J
JReducation
Guest
Everywhere my friend. You can’t look for one sentence that says, “Don’t vote for this person.” That’s not the way that the Church teaches. She never has spoken that way and never will. She teaches principles.Where does the Catholic Church teach that?
One source to which I can point you is to Evangelium Vitae, where the entire concept of voting and the proper exercise of democracy is explained in light of the Fathers of the Church and Christan Tradition.
The Church is very clear that the proper exercise of democracy is to promote the good.
Join to that what Aquinas explains about the highest good. One always has a moral duty to choose the higher of two goods.
Finally, add to that the fundamental moral principle in moral theology, a choice for the lesser of two evils is still a choice for evil and man may never choose any evil.
If we take these three principles and all of the other principles taught to us in moral theology we can conclude that we cannot morally vote for a pro-choice candidate. A pro-choice candidate will support an immoral position. To cast ouir vote for such a person is to empower him or her in the wrong direction. Our elected officials must represnt our moral values.

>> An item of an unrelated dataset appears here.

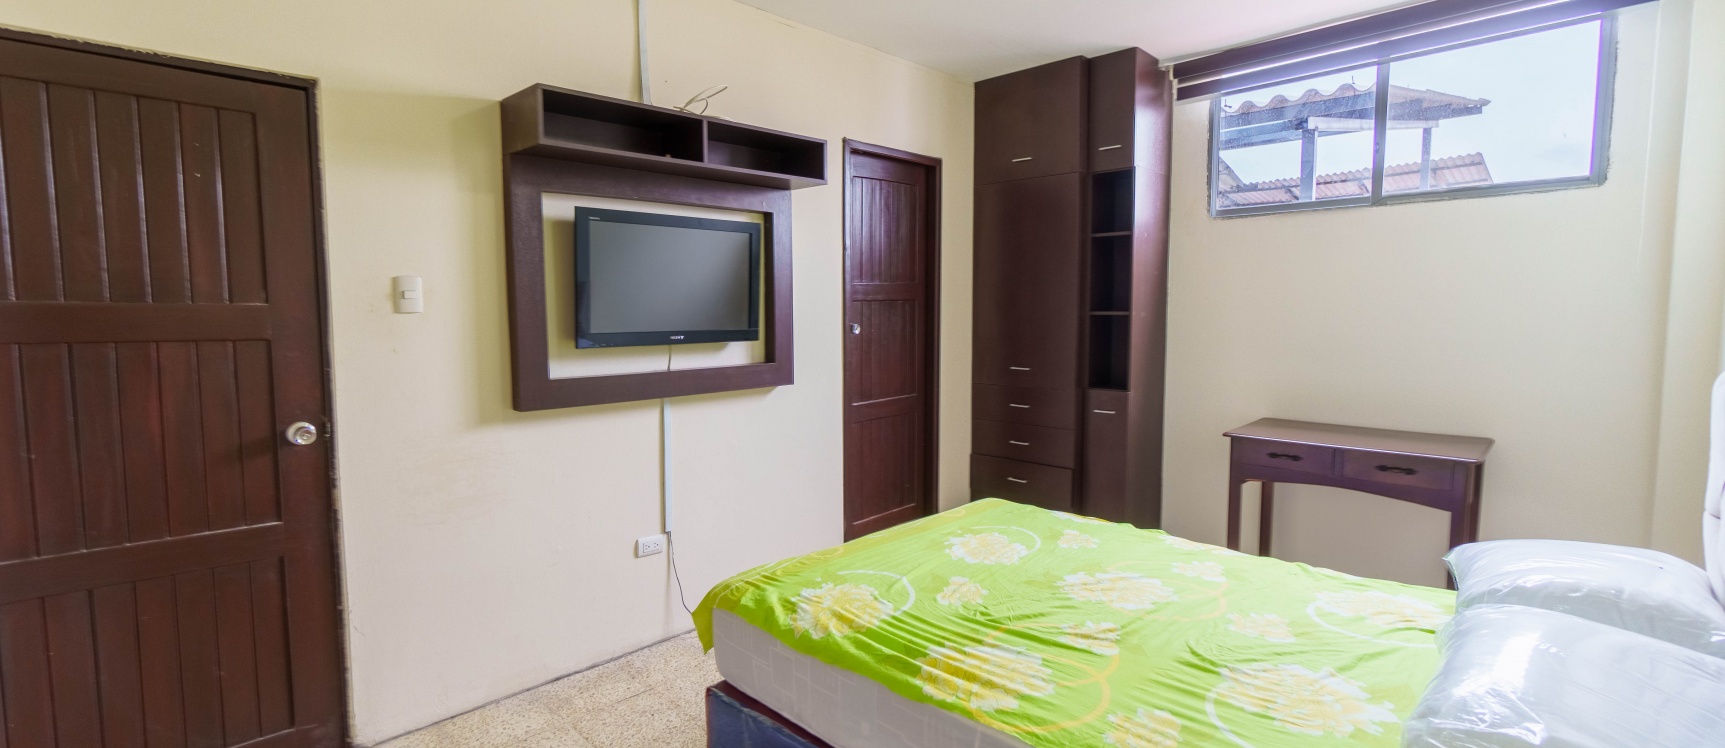 GeoBienes - Suite en alquiler ubicada en Kennedy Vieja, Norte de Guayaquil - Plusvalia Guayaquil Casas de venta y alquiler Inmobiliaria Ecuador

Rerum Novarum, Evangelium Vitae, and Lumen Gentium all make it very clear that government does not exist for its own benefit, but for the benefit of its citizens.
Then we have the moral example of great saints who gave up their lives fighting governments who stood between the citizen and the law of God. All of them were martyred, beginning with the prophets. If we honor the martyrs, we must ask ourselves, why so?
They gave their lives for the faith. This means that they espoused a moral value and a set of beliefs that was in conflict with the state. That’s why the state executed them. Two that should help us in dealing with the state are Thomas More and John Eudes. When the rubber hit the road, they were first and foremost, sons of the Church, then faithful citizens. They gave their lives rather than compromise with an immoral state. More’s last statement is very powerful. “I die a faithful servant of the King, but foremost, a son of the Church.”
Why honor these men and women, if we believe that we can vote for a pro-choice candidate? Someone like Mother Teresa loses her meaning in our Christian tradition. One of the constant criticisms that she made of American Catholics was “American Cathoics are the poorest men and women in the world, because they have to power to stop the killing of their children and they do not use it.” When John Paul II visited Baltimore around 1991 or 92, he said, “America, you have received much, but you will also have to answer for much, because you have allowed your children to be killed.”
All of these principles together, lead to one conclusion. We cannot be faithful to the Catholic Church and empower those who are willing to ignore her. This is why Thomas More and many other martyrs died. They refused to compromise. You’re either a son of the Church or you’r not.
Anyone who votes for a pro-choice candidate and honors the martyrs does not understand why the mayrtyrs died.
I always look at my own Franciscan brother, Maximilian Kolbe. He preferred to give his life, rather han allow one innocent man to die. If we are to be true to our Caholic heritage, then we must be like Maximilian. We should be willing to suffer whatever it takes, rather than let one innocent person die.
Children should not be killed in the womb or in pitri dishes. Such an act is barbarism at its best. Unemployment, poor roads, less schools and other hardships should be more tolerable than the thought of an innocent person being killed.
Good roads, better schools, safer neighborhoods, etc are all goods. But none is on the same rung in the hierarchy of good as the right to life. That is a principle that has been handed down to us from the scriptures, through the Fathers of the Church, her martyrs, her great doctors, our popes and other Catholic traditions and teachings.
These are men and women who support the right to abortion, the right to kill unused embryos in pitri dishes, and infanticide. How can we claim to be faithful Catholics and empower someone to make laws or support existing laws that allow for the killing of the innocent?